Louis XVI (1754–1793) came to the throne in 1774, at nineteen—shy, conscientious, pious, and almost painfully sincere. He genuinely wished his subjects well. He backed the reforming ministers Turgot and later Necker, who tried to drag the monarchy toward solvency; he poured French treasure into the American Revolution, helping win a war for liberty even as his own house caught fire. What he could not do was rule. He vacillated, deferred, and withdrew. When a minister's reforms provoked the privileged orders, Louis backed away from the minister rather than face the conflict. He let events gather, crest, and break over him—choosing again and again the path of least immediate friction, until the friction had compounded into catastrophe.

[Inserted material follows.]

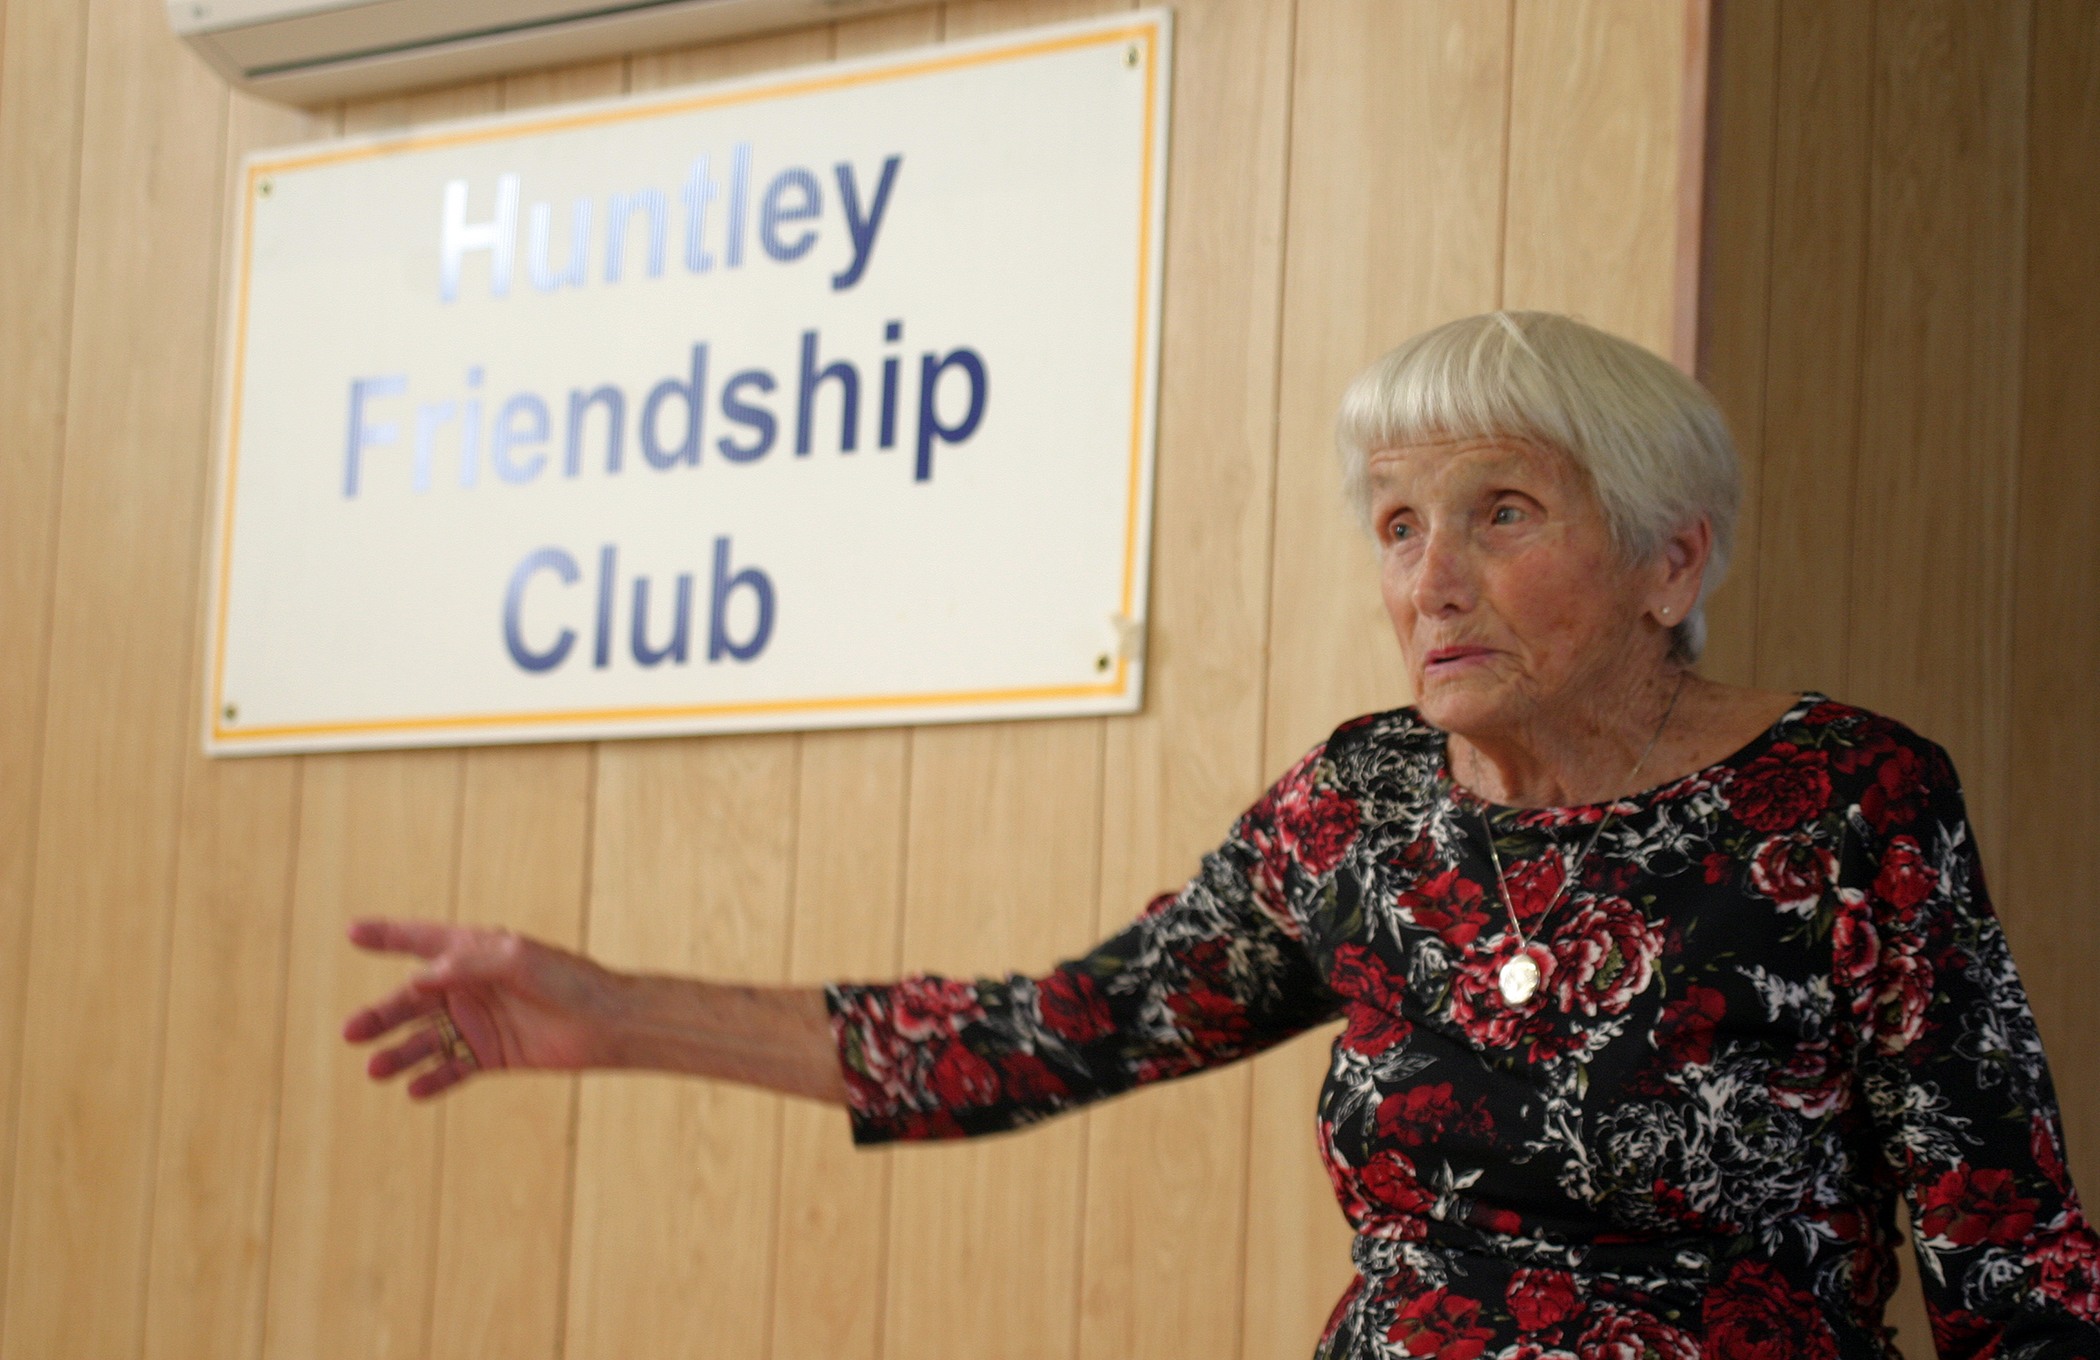 Huntley Friendship Club hosts 'the Boss'

The mind behind the forge and the failure was that of the ISFJ: dominant introverted sensing that loved routine, tradition, and the conscientious mastery of detail; auxiliary extraverted feeling that wanted, above all, to be good and to avoid giving offense; tertiary introverted thinking that found its one free expression in the mechanical logic of locks and clocks; and inferior extraverted intuition that left him fatally unable to grasp the revolutionary forces massing around his throne. He was the dutiful, gentle ISFJ on a seat that demanded a will he simply did not possess.
Louis XVI was the ISFJ on a throne—a dominant Si that loved routine, craft, and the settled order of tradition, governed by an auxiliary Fe that wished only to please and could not bring itself to command.
The Man Who Loved the Settled Order
Si — dominant
Dominant introverted sensing lives in the known and the concrete. It trusts what has been tested by time, takes comfort in routine, and prefers the tangible thing in hand to the abstract possibility in the air. Almost everything that made Louis XVI a poor king and a contented man flowed from this. He loved the daily round of Versailles not for its political theater—which bored and oppressed his wife—but for its predictability: the hunt, the meals, the prayers, the fixed appointments of a fixed existence. He kept a diary recording, with a steward's meticulousness, the day's weather and the number of animals killed in the chase.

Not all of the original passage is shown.